Putney has market research that shows a 14% increase in the number of pets treated and a 9% increase in revenue for vet practices that offer a generic Carprofen — a drug in the non-steroidal anti-inflammatory category — compared with practices that offer only the expensive, branded drug, Hoffman says. According to the Bayer study, 47% of dog owners and 54% of cat owners said they would take their pets to the vet more often if each visit cost less.

Ayers at Idexx echoes Hoffman's belief that owners would take their pets to the vet more often if it were more affordable. But, conversely, he says pet owners would be willing to spend much more if they truly understood the value of quality health care for their pets. “There's a huge opportunity there, because the level of care provided today is a small fraction of what we know pet owners would do if they fully understood the value,” Ayers says. “They would devote more of their discretionary income to their beloved family member — and they do — when they understand that it's a really good thing for that family member.”

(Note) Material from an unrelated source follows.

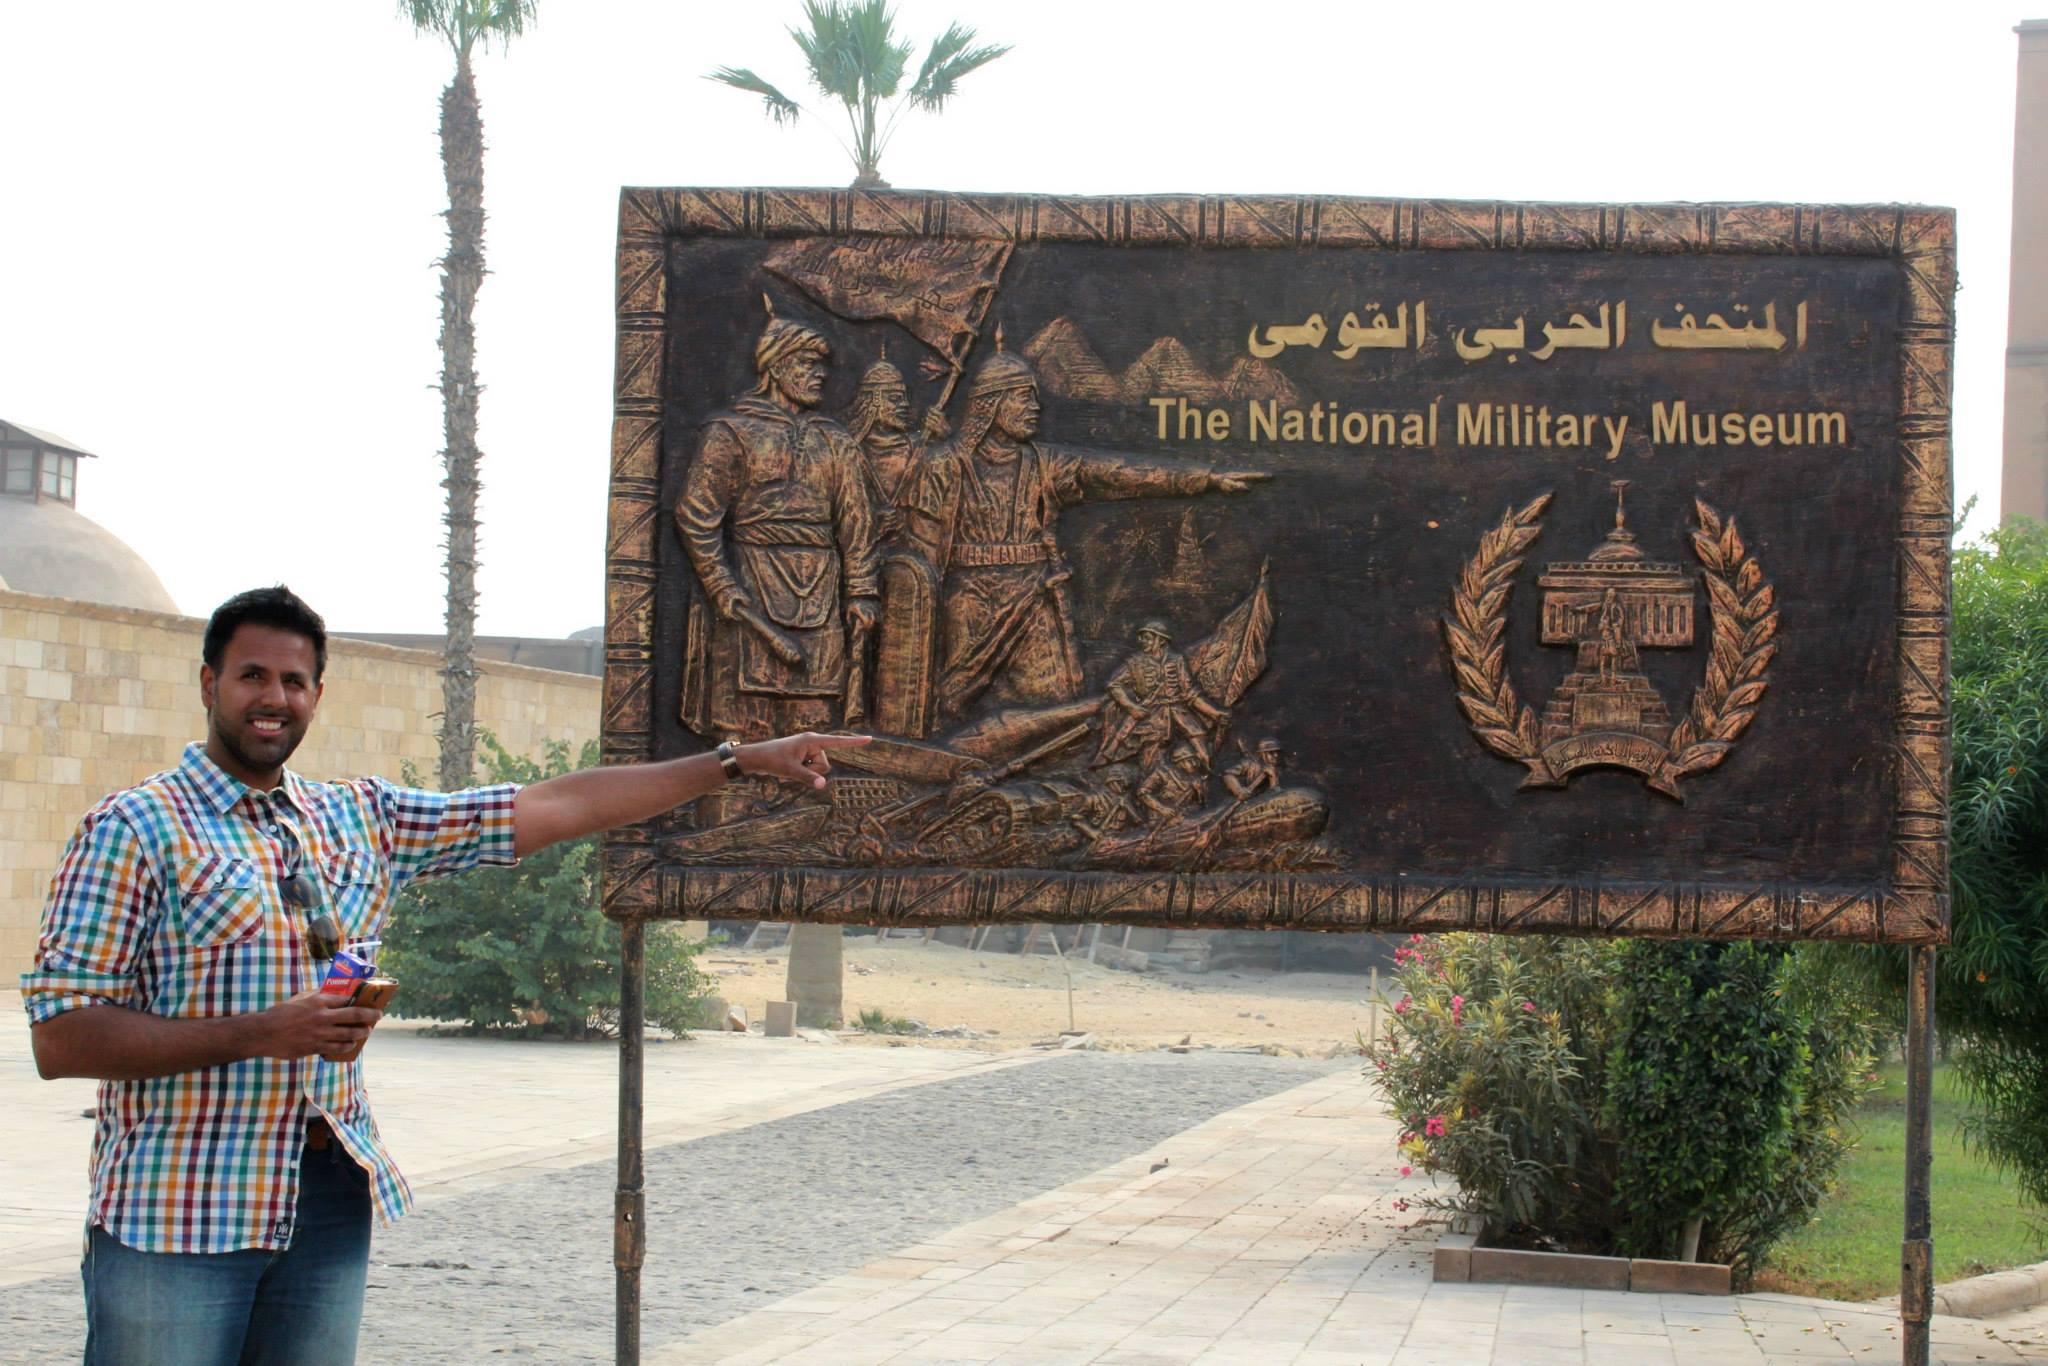 egypt national military museum egypt

As a result, Idexx has pushed strongly into the information technology side of the pet health business. It was first to market with an iPad app that enables veterinarians to pull up lab results and X-ray images and discuss treatment plans with pet owners. It also recently launched a website, Pet Health Network, to act as a clearinghouse of information about pet health. And it's clear that pet owners must be educated. According to the Bayer study, 53% believe that routine checkups are unnecessary.

The iPad app and the Pet Health Network are attempts to help veterinarians become more effective at treating pets through effective communication. “That communication between the veterinarian and pet owner — there's a big gap there and veterinarians haven't known how to bridge that gap,” Ayers says. “And now we're giving them the tools to bridge that gap, and when they start adopting these and other good management techniques within the practice, their practices grow even though the economy is not growing, and that's how we would get pet health care growth in a sluggish economy.”

And, of course, when veterinarians are happy, Idexx is happy. “We're only successful when they're successful,” Ayers says. “We can only grow if they grow, and so it's about expanding the market.”

Ayers could be speaking for any of Portland's pet health companies. Each one has its mission to help veterinarians operate more efficient and effective practices. For these companies to continue to grow, they need veterinarians to raise their game and be successful.